Unquestionably, Bruce had the same sense of humour as the vampire who had drained his victim at the Castle of the Vampires. He was an excellent candidate for the role of murderer.
The only trouble was that after the kind of shock he had suffered, Bruce couldn’t possibly have lied.
1 This story is told in the first part of the book The Night Watch.
CHAPTER 3
TOURISTS ARE THE most terrible breed of human beings. Sometimes I feel a vague suspicion that every nation tries to send its most unpleasant representatives abroad – the loudest and most clueless, those with the worst manners. But it’s probably all much simpler than that. Probably it’s just that the secret ‘work/play’ switch everybody has hidden in their heads clicks and turns off eighty per cent of their brains.
But the remaining twenty per cent is more than enough for play anyway.
I was walking along in a crowd moving slowly towards the castle on the hill. No, I wasn’t planning to study the austere dwelling of the proud kings of Scotland. I just wanted to get a feel for the atmosphere of the city.
I liked it. Like any tourist centre, its festive atmosphere was a little bit forced and feverish, encouraged by alcohol. But even so, the people around me were enjoying life and smiling at each other: for the time being they had set their cares aside.
Cars didn’t often come in here, and those that did were mostly taxis. Most of the people were walking – the streams moving in the direction of the castle and back intermingled, swirling together in quiet whirlpools around the performers doing their thing in the middle of the street, thin rivulets trickled into the pubs, filtered in through the doorways of the shops. The boundless river of humanity.
A wonderful place for a Light Other. But a tiring one, too.
&nbs
p; I turned off into a side street and strolled gently downhill towards the gorge that separated the old and the new parts of the city. There were pubs here too, and souvenir shops. But there weren’t so many tourists, and the frantic carnival rhythm slowed down a bit. I checked my map – it was simpler than using magic and moved in the direction of a bridge over the broad gorge that had once been Loch Nor. The gorge had now passed through its final stage of evolution and had been transformed into a park, a place where local people and tourists who were sick of noise and bustle could take a relaxed stroll.
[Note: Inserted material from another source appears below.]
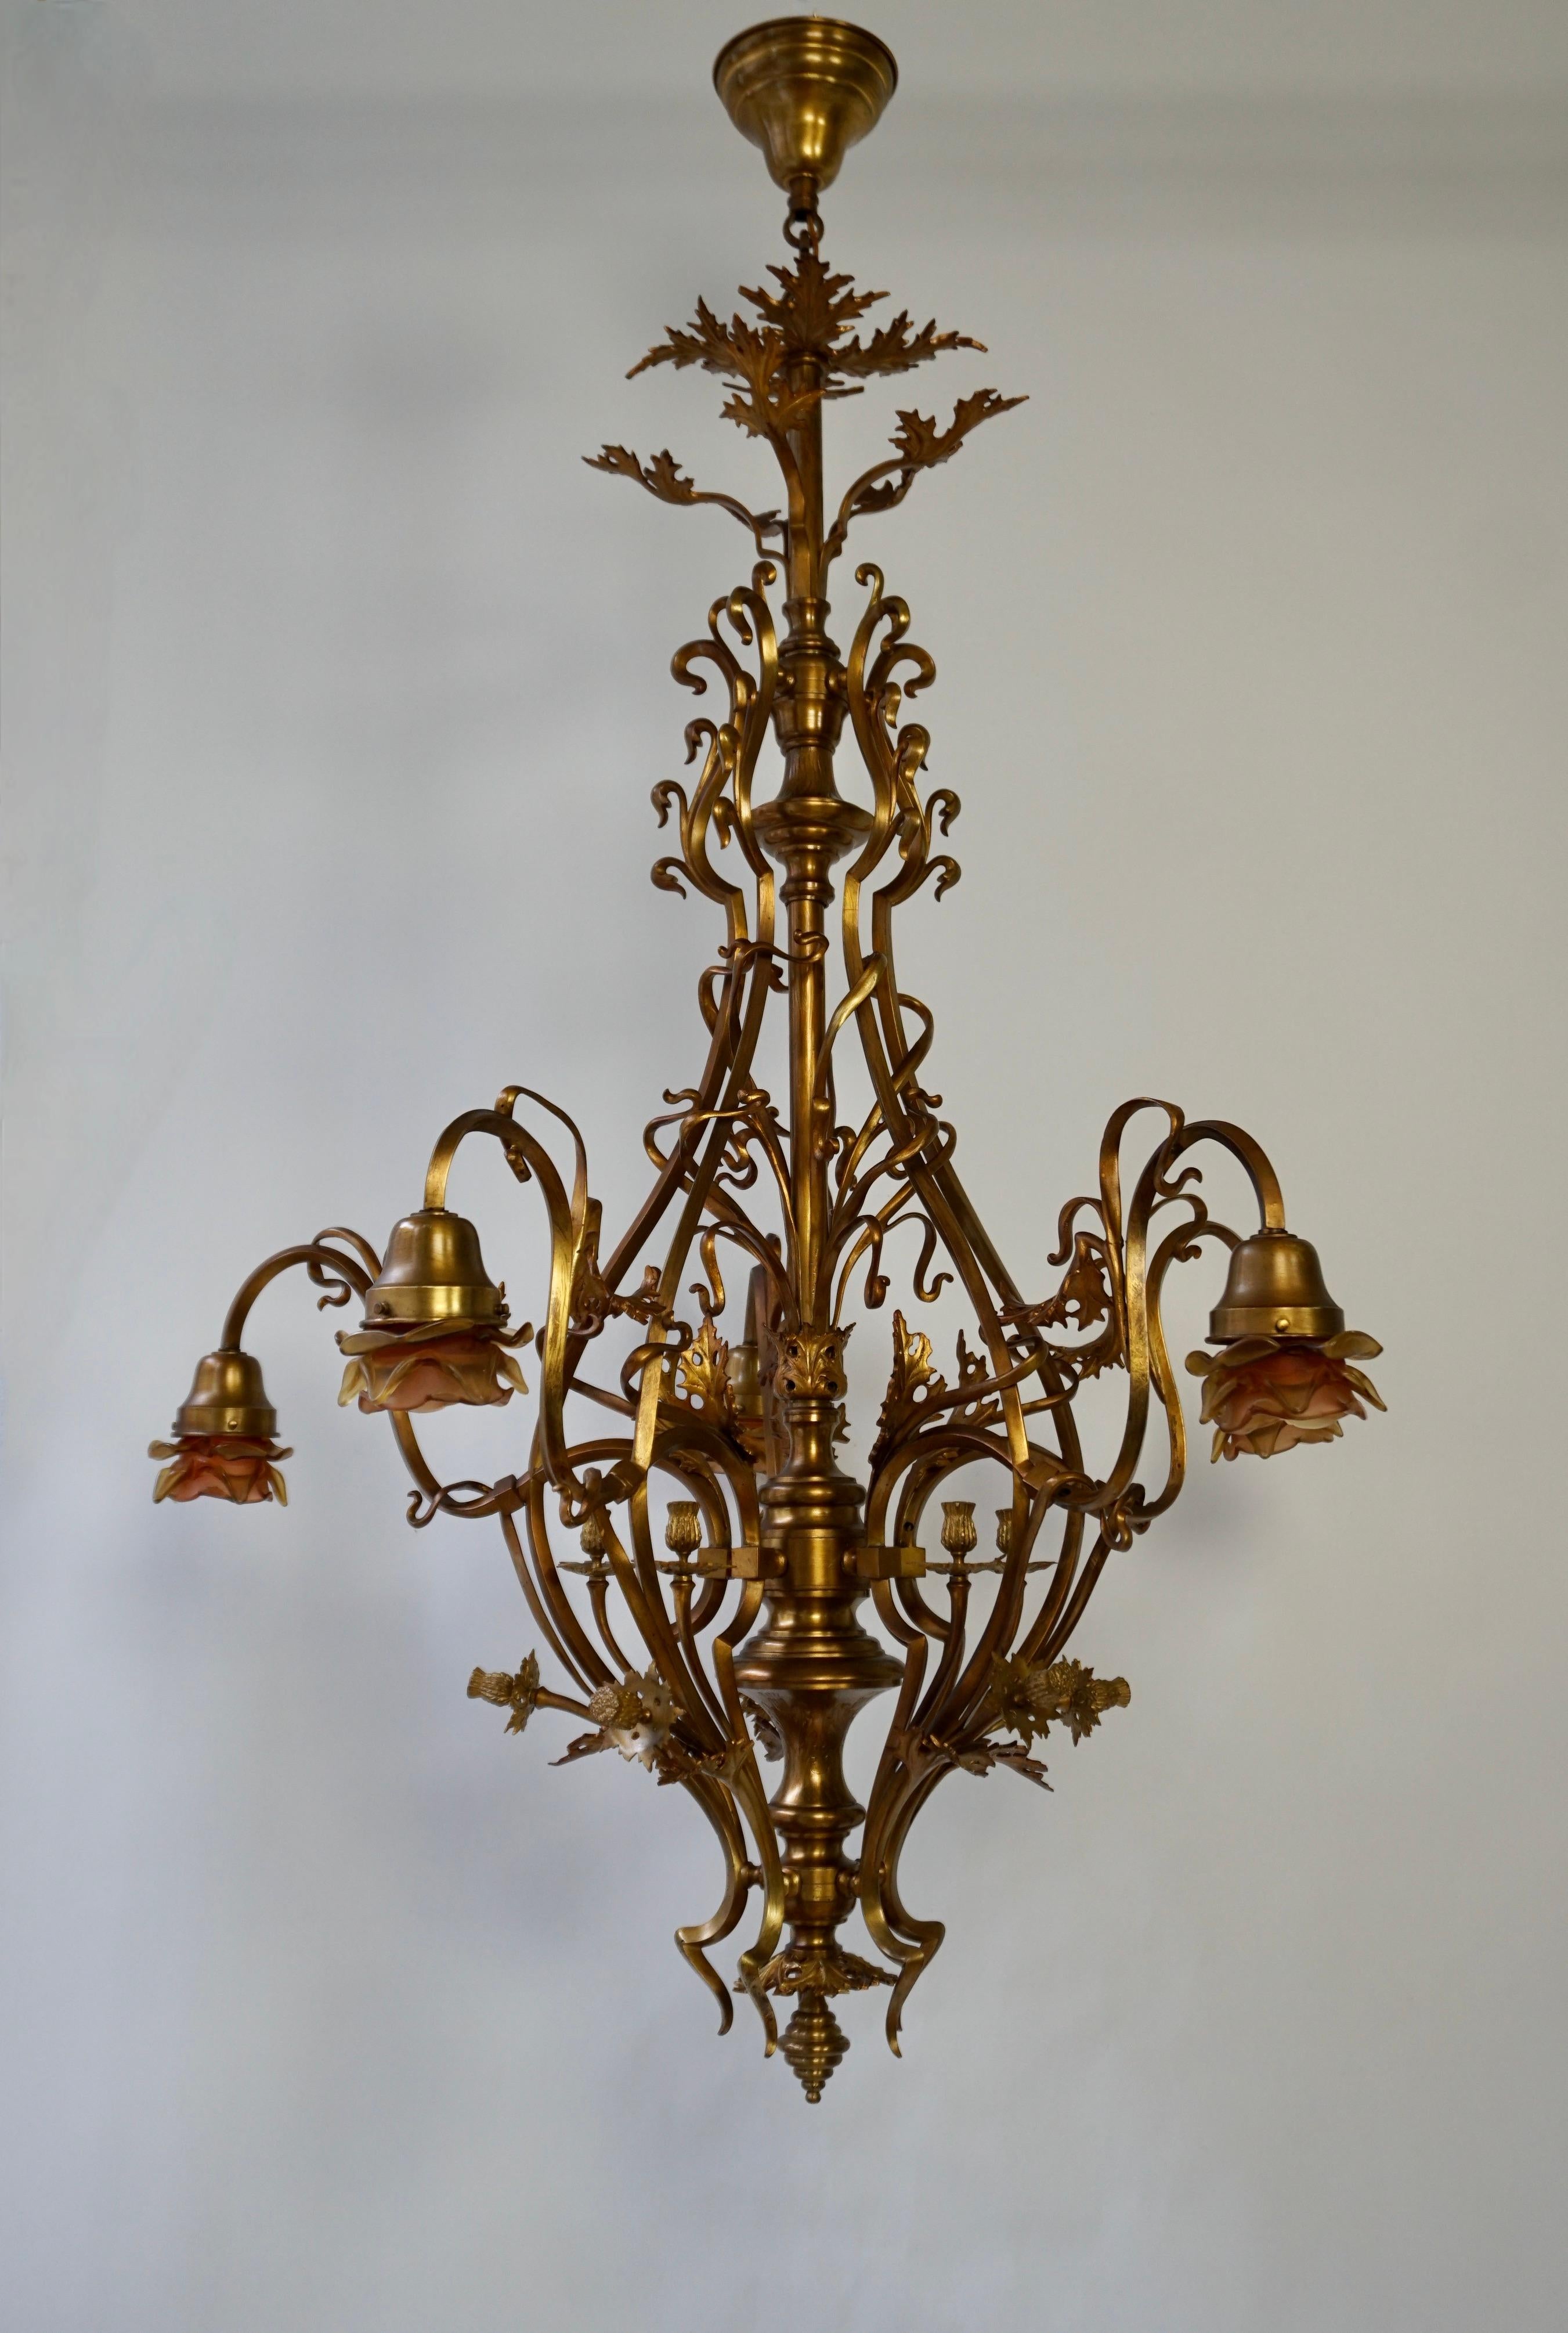 20th Century Large and Top Quality, Elegant & Exquisite 5 Light Art Nouveau Chandelier For Sale

There were more tourists eddying about on the bridge – boarding the double-decker tour buses, watching the street artists, eating ice cream, pensively studying the old castle on the hill.
And on the grassy lawn there were Cossacks, dancing and waving their swords about.
I gave way to that shamefaced curiosity with which tourists regard their compatriots who are working abroad and moved closer.
Bright red shirts. Broad pants like jodhpurs. Titanium-alloy swords – so that they would give off pretty sparks during swordplay and be easier to wave around. Stiff, frozen smiles.
There were four men squatting down and dancing.
And talking to each other – with Ukrainian accents, but still in my own native Russian. Although you might say they were using the secret version. In more or less printable form it went something like this.
‘Up yours!’ one pantomime Cossack dancer hissed merrily through his teeth. ‘Move it, you louse! Keep the rhythm going, you tattered condom!’
‘Go to hell!’ another man in fancy dress answered. ‘Quit grousing. Wave those arms about. We’re losing money!’
‘Tanka, you bitch!’ the third man joined in. ‘Get out here!’
A girl in a bright-coloured dress started dancing, letting the ‘Cossacks’ take a short break. But she still found time for a dignified reply with no serious obscenity:
‘Bastards, I’m sweating like a pig, and you sit there scratching your bollocks!’